On Monday, 7 December 2020 at 02:14:41 UTC, 9il wrote:
> I don't know. Tensors aren't so complex. The complex part is a 
> design that allows Mir to construct and iterate various kinds 
> of lazy tensors of any complexity and have quite a universal 
> API, and all of these are boosted by the fact that the 
> user-provided kernel(lambda) function is optimized by the 
> compiler without the overhead.

I agree that a basic tensor is not hard to implement, but the 
specific design to choose is not always obvious.
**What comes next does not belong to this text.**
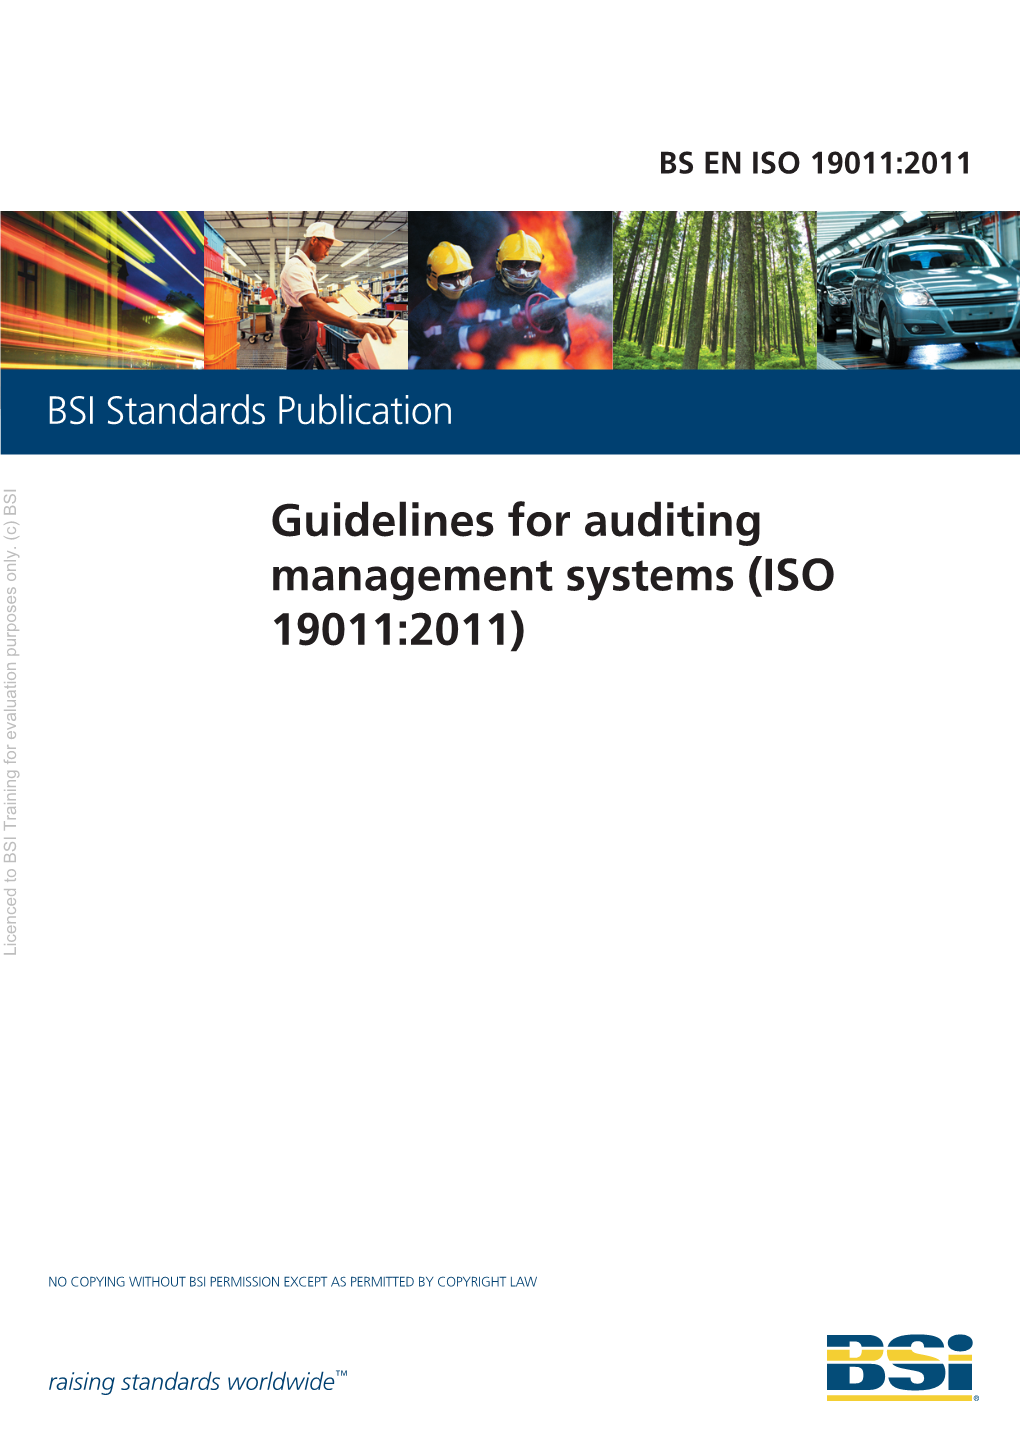 Guidelines for Auditing Management Systems (ISO 19011:2011) Licenced to BSI Training for Evaluation Purposes Only

Your benchmarks 
shows that design choices have a large impact on performance, and 
performance is certainly a very important consideration in tensor 
design.

For example I had no idea that your ndslice variant was using 
more than one array internally to achieve its performance - it 
wasn't obvious to me.

I think literature that discuss various design choices and 
approaches would be useful and informative. There is plenty of 
literature on creating tree structures, linked lists, stacks, 
queues, hash tables and so forth, but virtually nothing on tensor 
data structures. It isn't as if implementing a linked list is any 
more complex than a tensor. I just think it's a bit strange that 
there is so little on the topic - given the widespread use of 
tensors in computational science.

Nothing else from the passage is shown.